Where a payment for unsolicited goods and services is made, the consumer may make a demand that it be refunded to them. Consumer-issued notices procedures are discussed in Ch.7, s.7: "CPA Civil Remedies: Consumer-Issued Notice Procedures". Such a demand must be made within one year of the payment being made, and the supplier must refund the payment within "15 days after the day the consumer demands the refund" [CPA s.13(6,7); CP Reg s.21].

Additionally, the consumer may sue the supplier for return of the payment [CPA s.13(8)] (see Ch.7, s.9: "CPA Civil Remedies: Civil Court Remedies for General CPA Rights").

. No Legal Obligations Created by Payment, Inaction or Passage of Time

Negative-option techniques are 'triggered' (at least according to the supplier's distorted interpretation of contract law) by inaction. That is, unless the consumer actively denies or refuses the 'contract' within a specified time (and usually in a specific and awkward manner), the notion is that a contract' is deemed to have been made.

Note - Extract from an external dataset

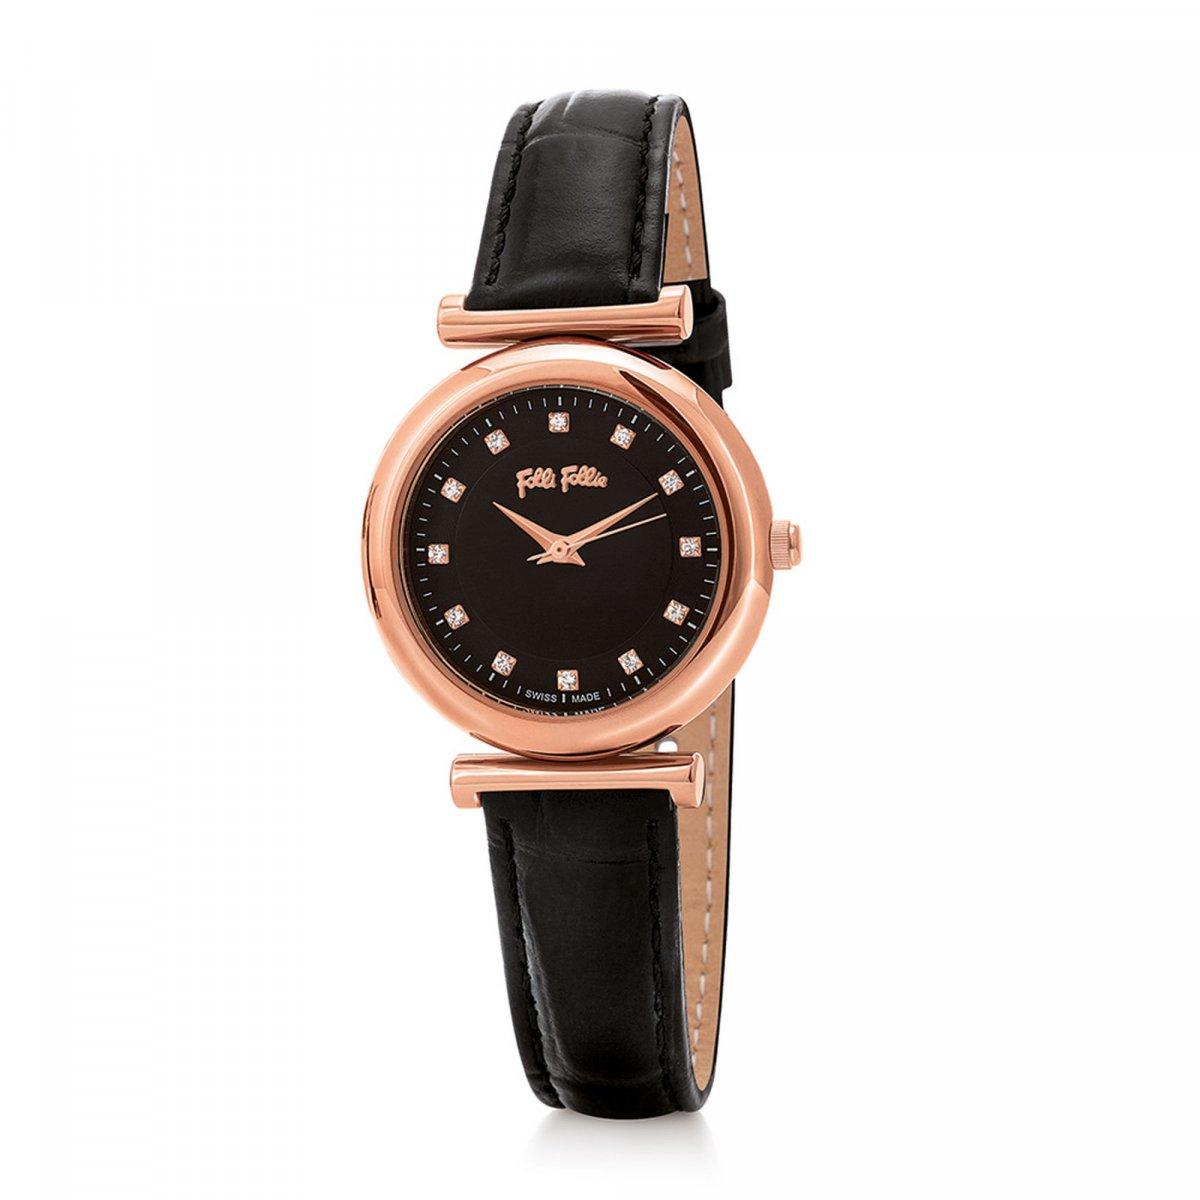 Hodinky FOLLI FOLLIE Sparkle Chic Small Case Leather Watch

The CPA [s.13(3)] bars this typical trigger, either in the form of "inaction or the passage of time" - but it also extends to bar the creation of a contractual relationship even when an actual payment is made by the consumer. This is a very progressive addition to the "unsolicited consideration rule" as it captures payments made both inadvertently and through ignorance or fear on the part of the consumer as to their legal duties.

Such payments made could be the subject of a lawsuit under the provisions for recovery of illegal charges [see 4(d) above, 'Prices, Estimates and Illegal Charges: Recovery of Illegal Charges'].


6. Consumer Right to Rescind Agreement Where CPA Non-Compliance

As a general deterrent to suppliers' attempting CPA-prohibited practices, the CPA provides that a consumer agreement is not binding on the consumer "unless the agreement is made in accordance with this Act and the regulations" [CPA s.93(1)]. The right is subject to exception by a court on grounds of equity (ie. unfairness to the supplier) [CPA 93(2)].

This seemingly simple but broad remedial provision is fraught with practical difficulties, particularly when invoked on technical non-compliance (ie. where the non-compliance is immaterial to the consumer's decision to enter into the agreement, or has caused them no legal injury). This is a central problem to the efficacy of the present CPA regime.

These issues are discussed at length in Ch.7, s.3: "CPA Civil Remedies: General Rescission (Cancellation) Remedies".